When it's time to take another bite, simply reverse the motion; put your four fingers under the sandwich, and seamlessly rotate the biting side towards your face.
posted by felix at 10:07 AM on January 25, 2006 [1 favorite]


like the practice of putting down your sandwich upside down

Honest to god, I had no idea there was a rightside-up. Please, explain to this sandwich heathen!

I also had little idea that many people purchase their pepper pre-ground. It seems more than a little bizarre, kind of like choosing stale cookies or expired yogurt.
posted by five fresh fish at 10:50 AM on January 25, 2006


d-oh! Note to self: read thread first, then post.
posted by five fresh fish at 10:50 AM on January 25, 2006


Whoa, I am going to have to try this allegedly delicious pepper-and-chocolate combination of which you all speak!
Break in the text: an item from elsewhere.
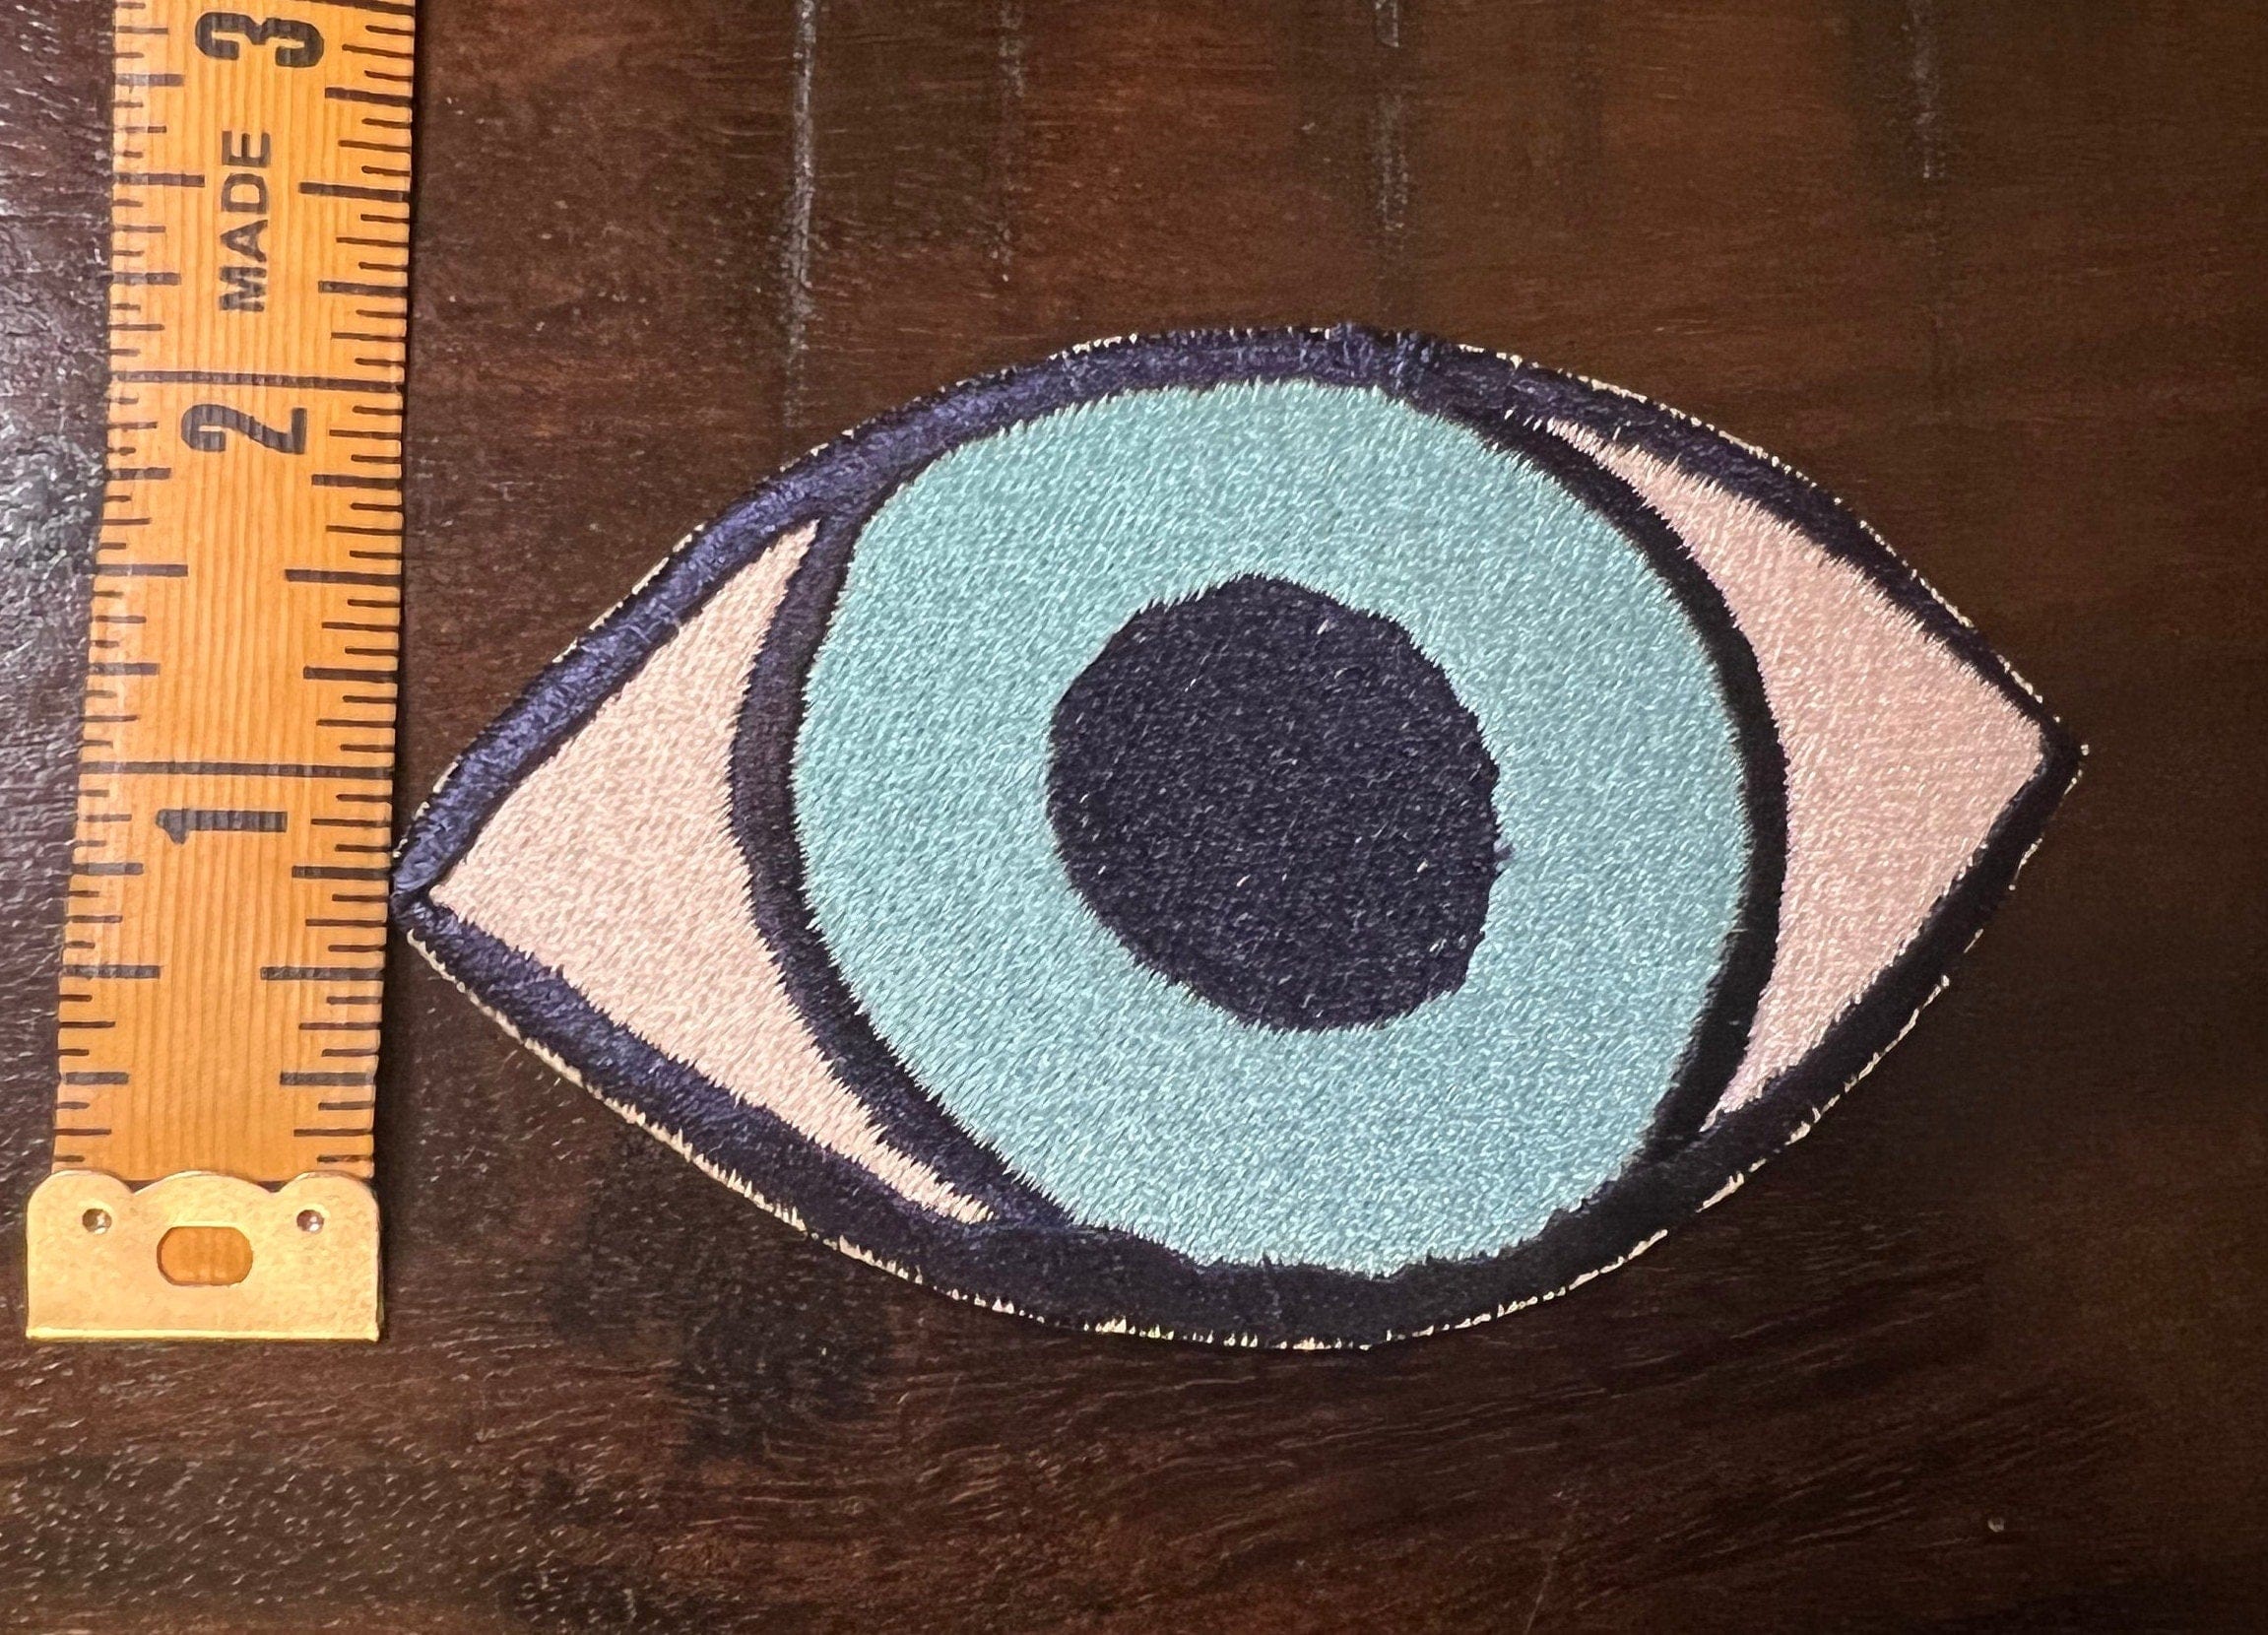 Protective Evil EYE SOULE PATCH art Denim Iron On Decal patch 4 X 2.25 black blue white embroidered Large Eye Talisman ironon patchwork Appliques & Patches

I think I have already indirectly been doing the pepper-and-ketchup combo, by putting loads of pepper directly on fries before dipping in ketchup. Transfer may be easier by putting directly in ketchup, though. A++ to this thread; would read again!
posted by onlyconnect at 11:30 AM on January 26, 2006


Felix, it's people like you that make me proud to say "I met him through the internet".